[What you have to do] Everything from the "2005 marchio autentico." line to the final line of the listing should be written out exactly. Skip the pictures.

[The data]
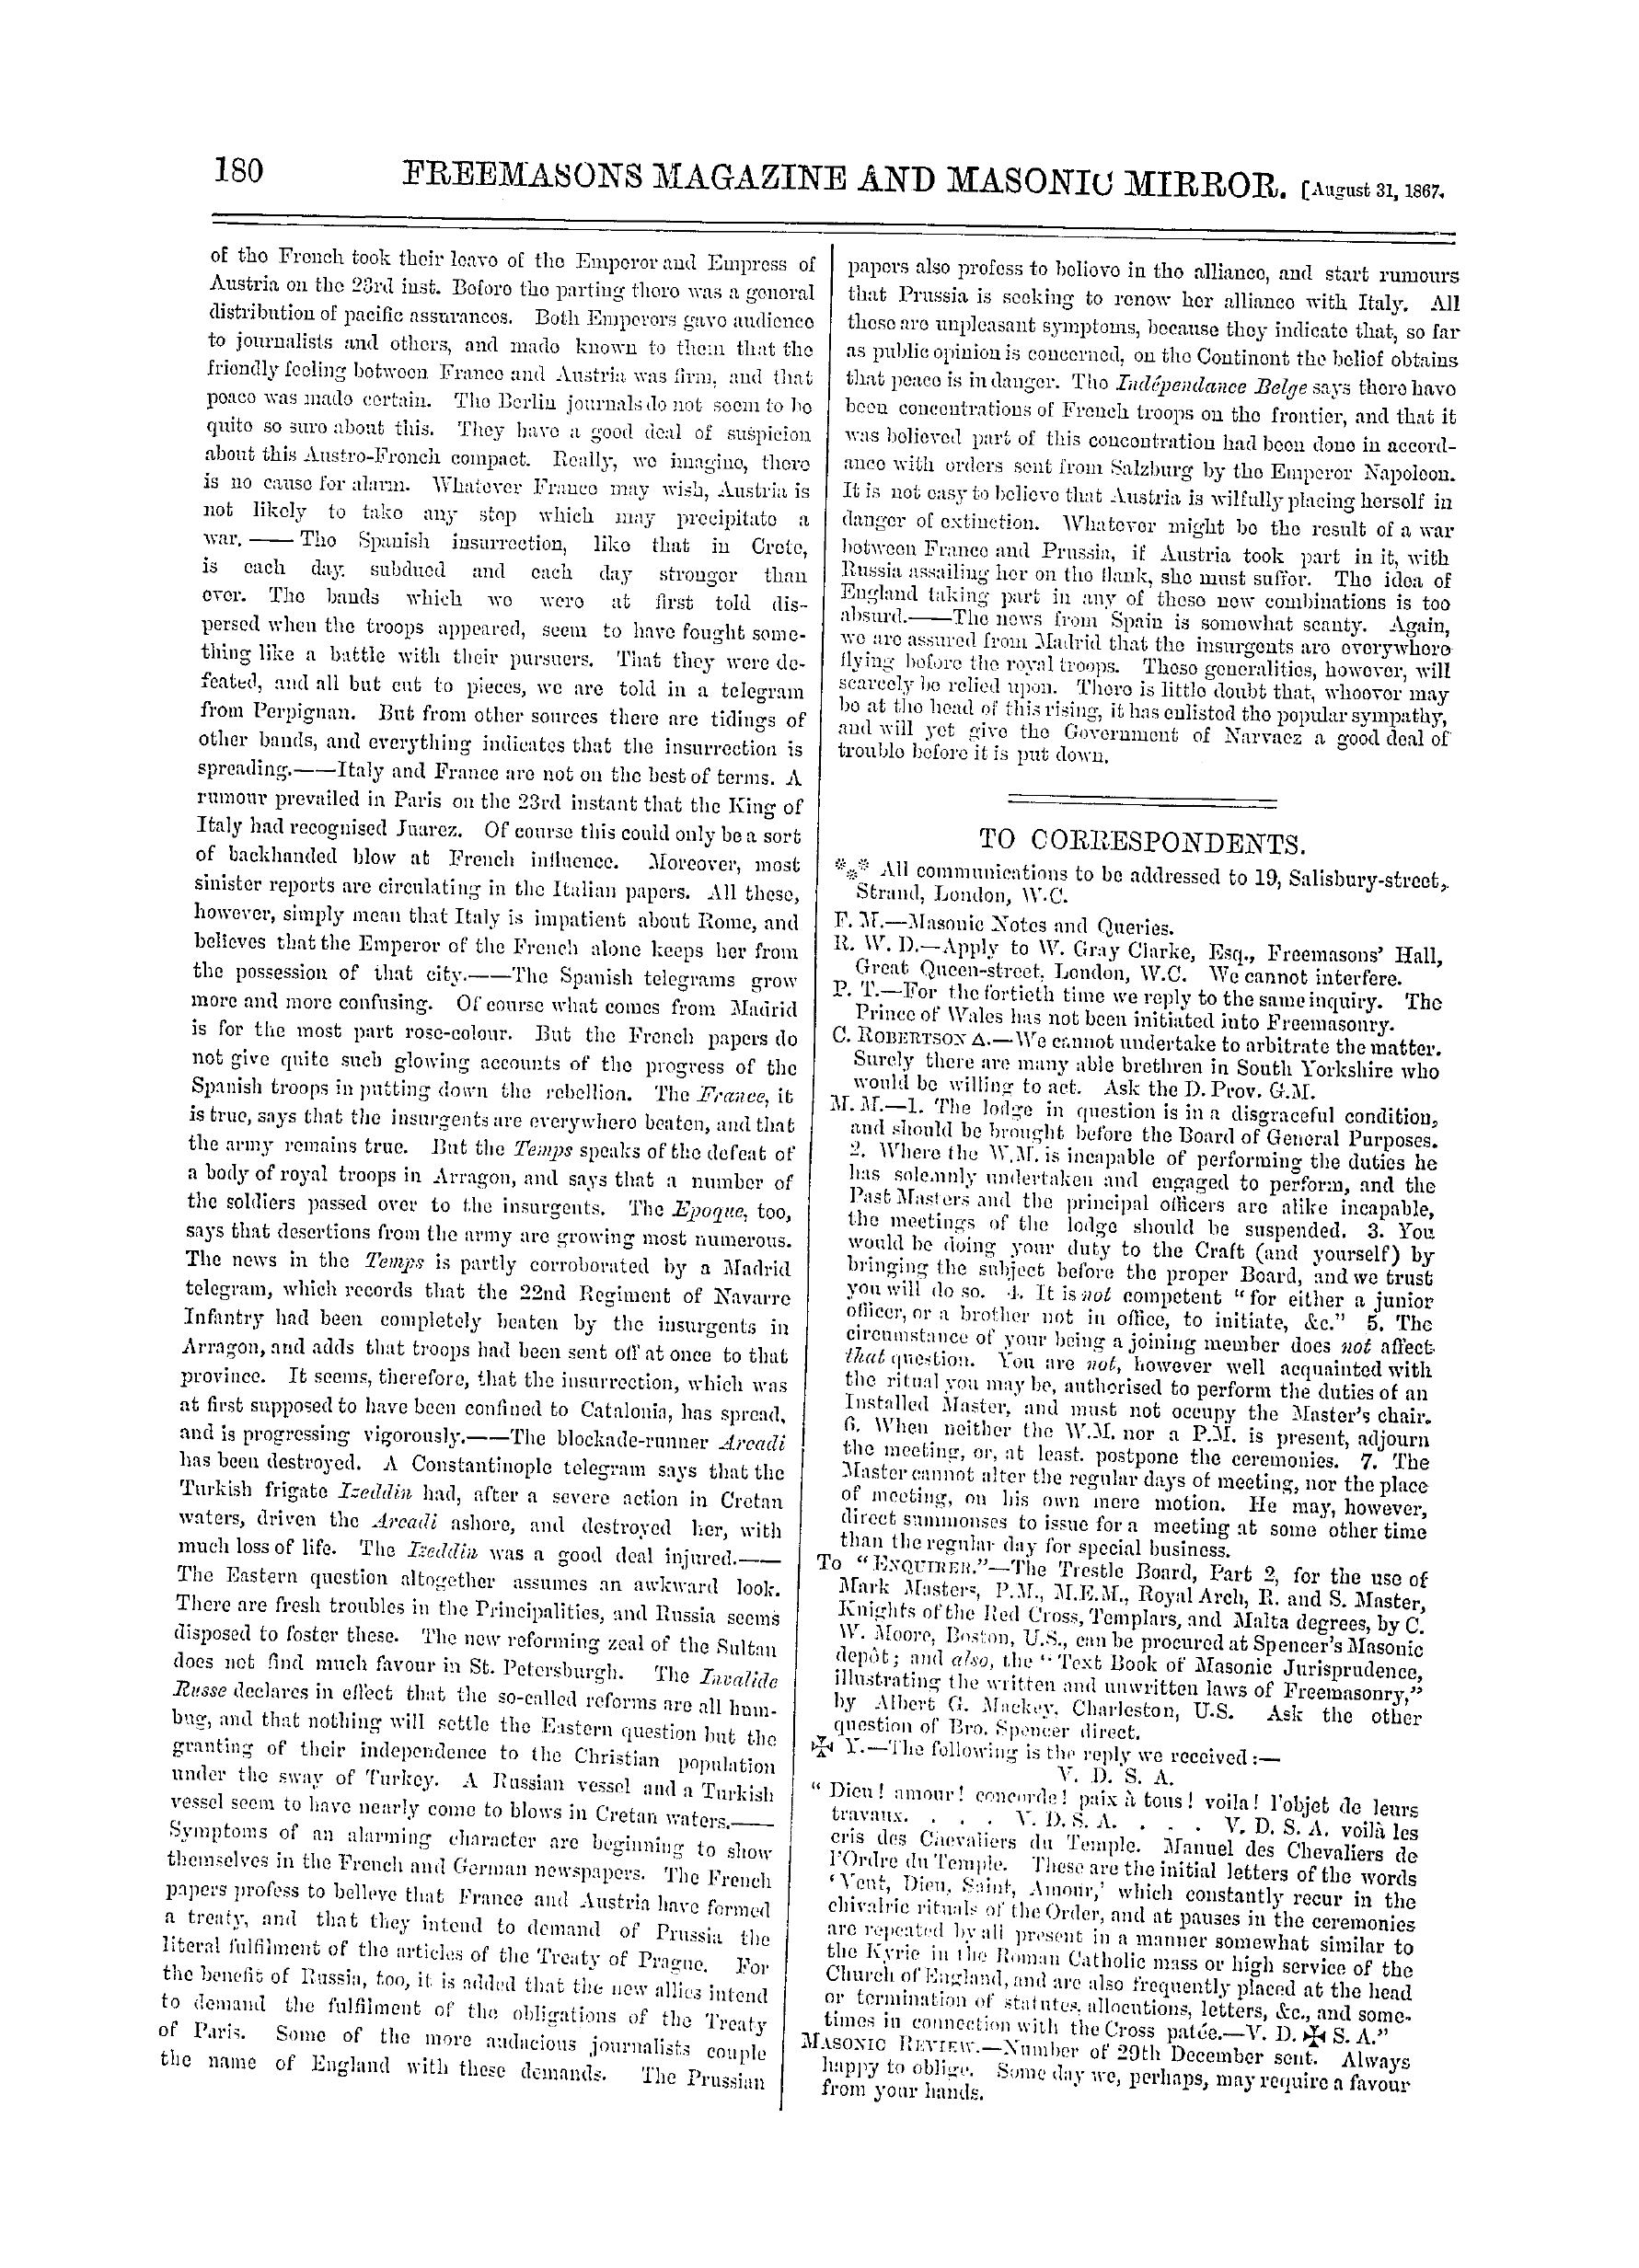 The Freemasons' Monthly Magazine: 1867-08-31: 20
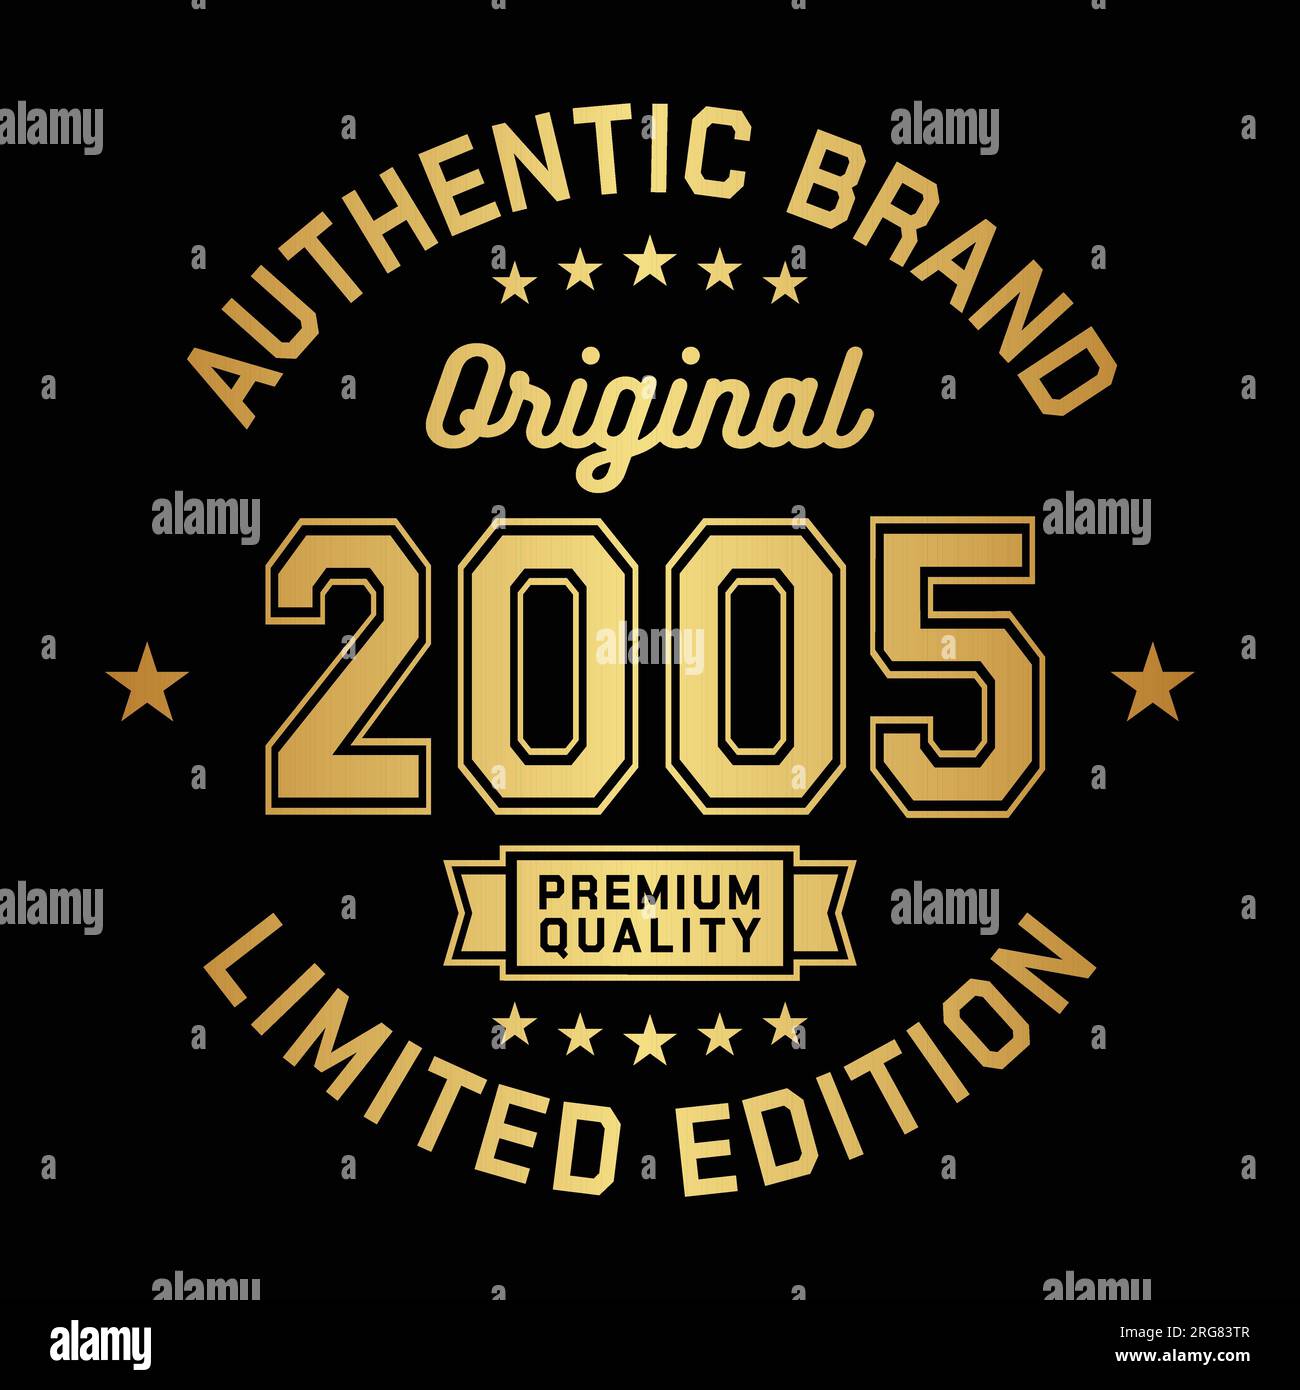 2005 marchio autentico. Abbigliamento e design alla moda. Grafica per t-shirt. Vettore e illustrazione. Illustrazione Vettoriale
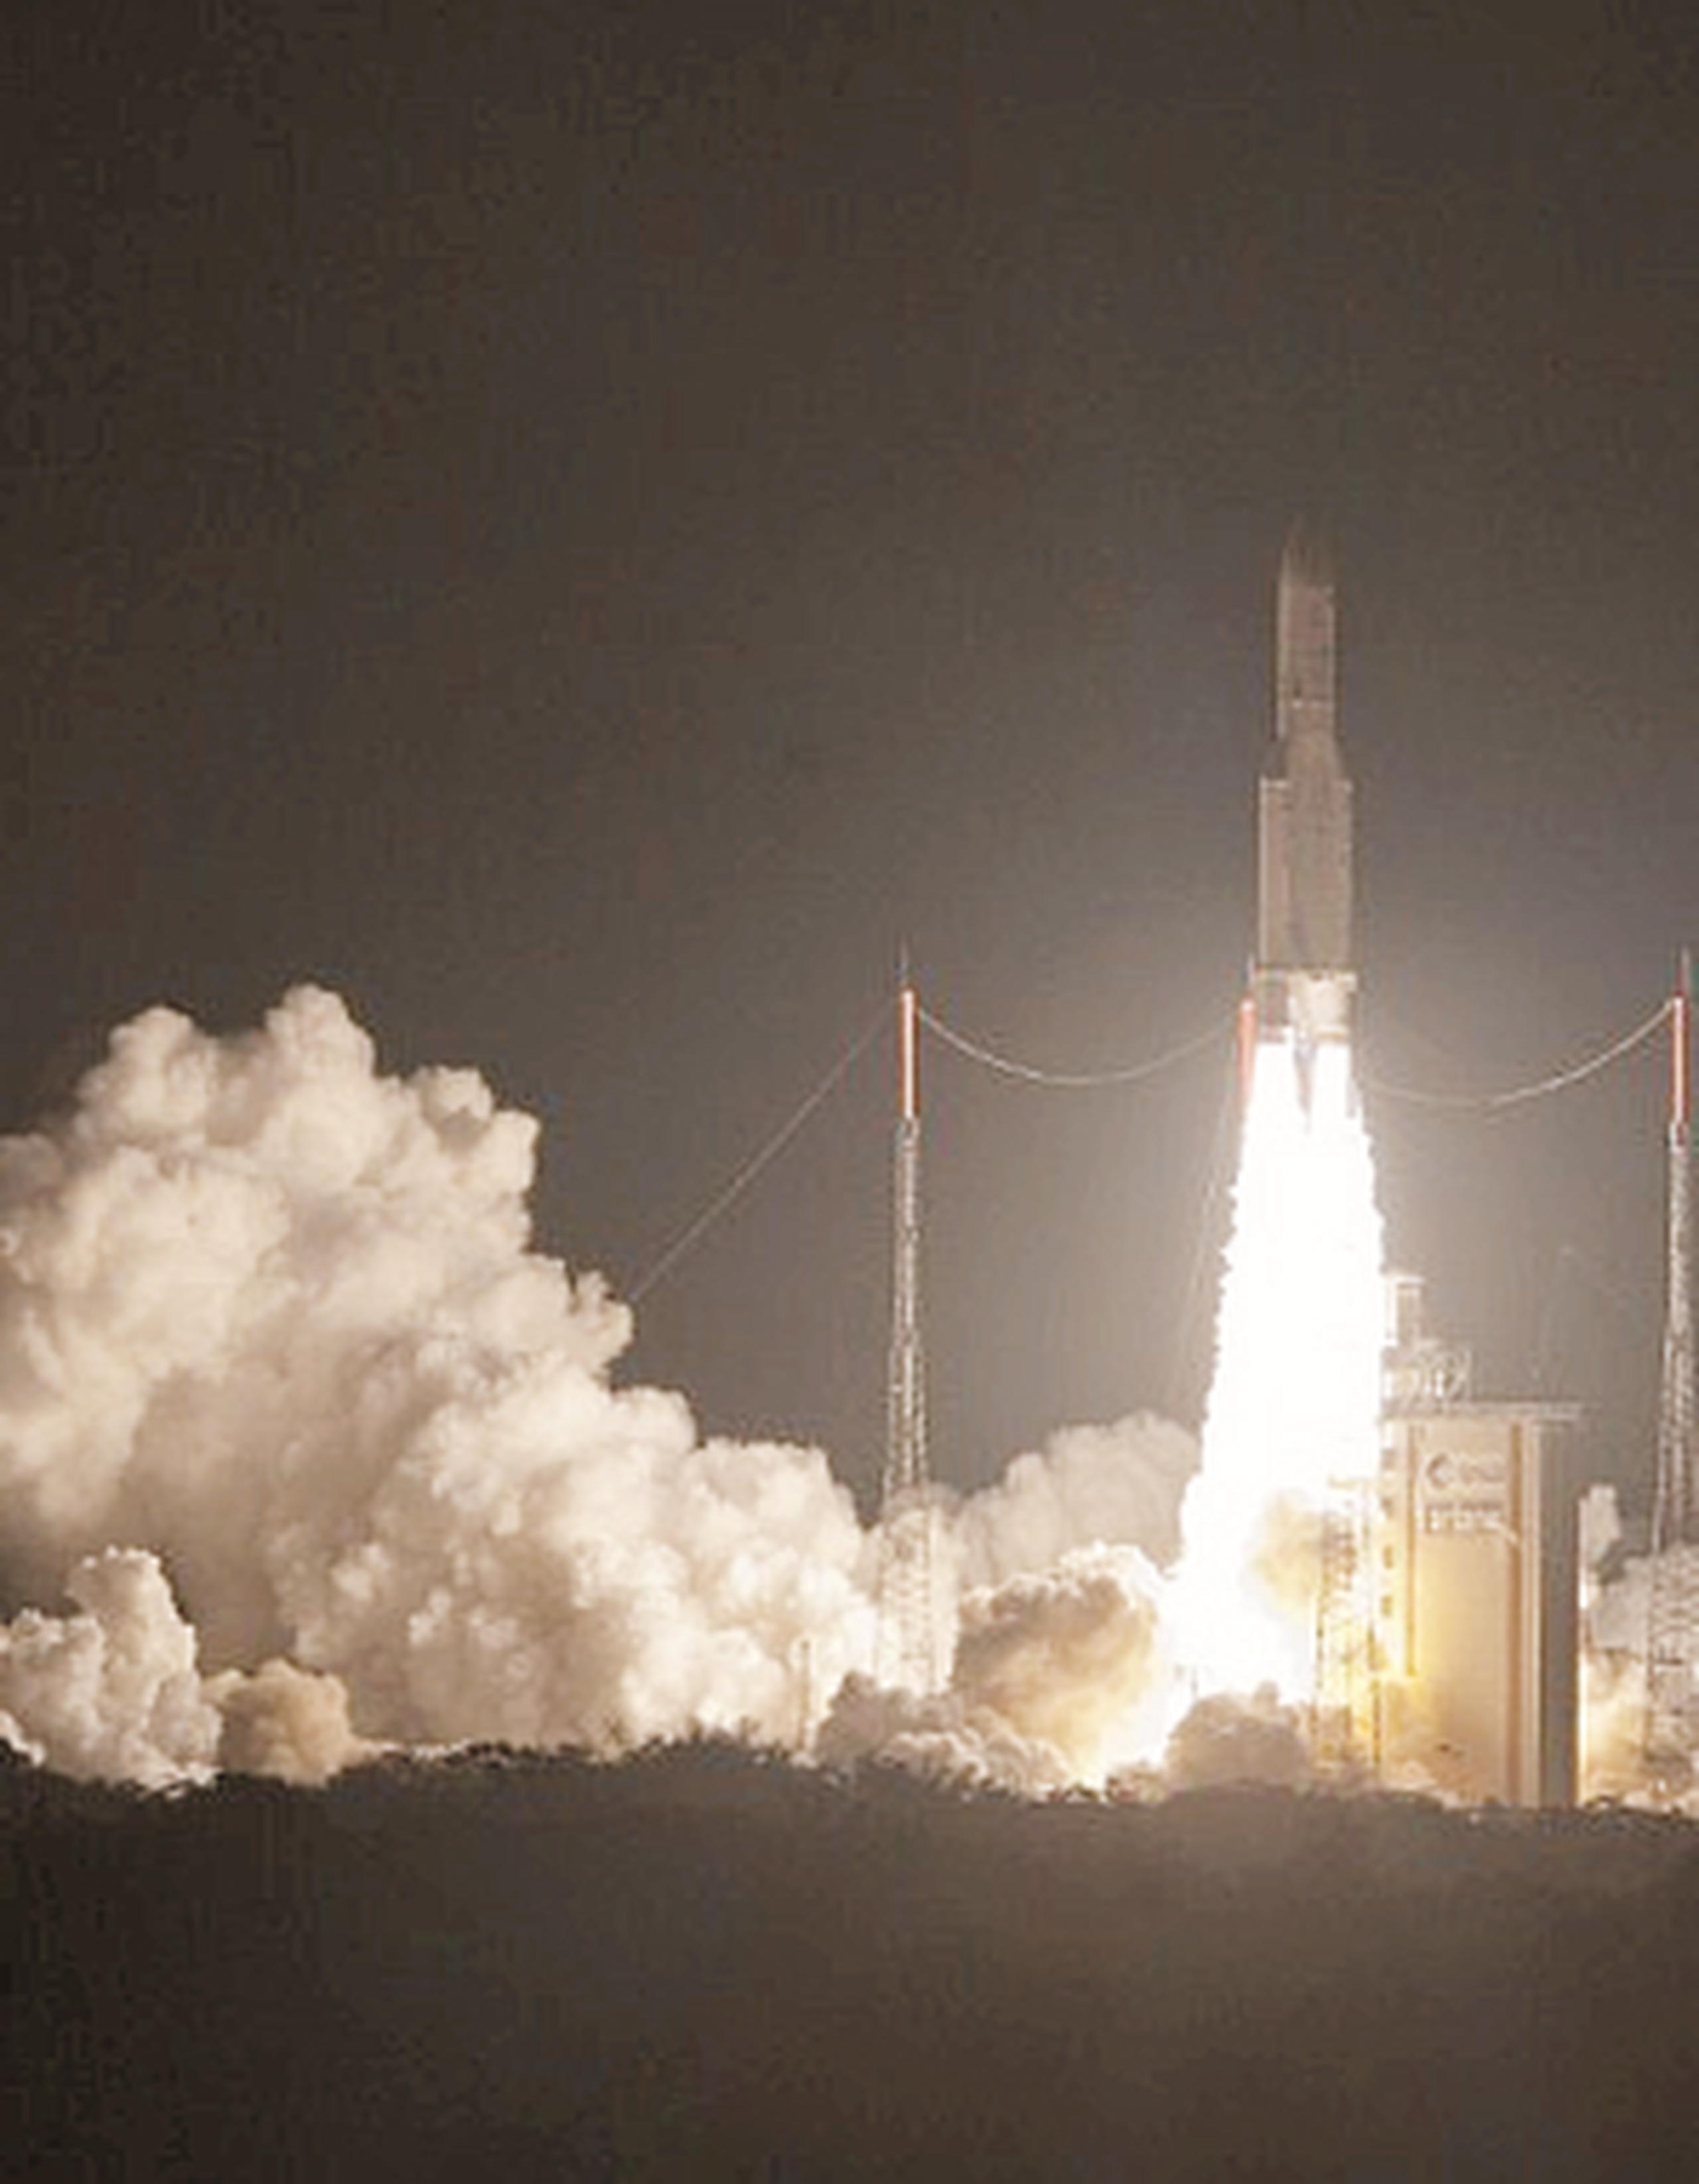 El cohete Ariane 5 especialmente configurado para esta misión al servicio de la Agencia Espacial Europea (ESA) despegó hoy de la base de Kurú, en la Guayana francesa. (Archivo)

[Your response]
 2005 marchio autentico. Abbigliamento e design alla moda. Grafica per t-shirt. Vettore e illustrazione. Illustrazione Vettoriale
 El cohete Ariane 5 especialmente configurado para esta misión al servicio de la Agencia Espacial Europea (ESA) despegó hoy de la base de Kurú, en la Guayana francesa. (Archivo)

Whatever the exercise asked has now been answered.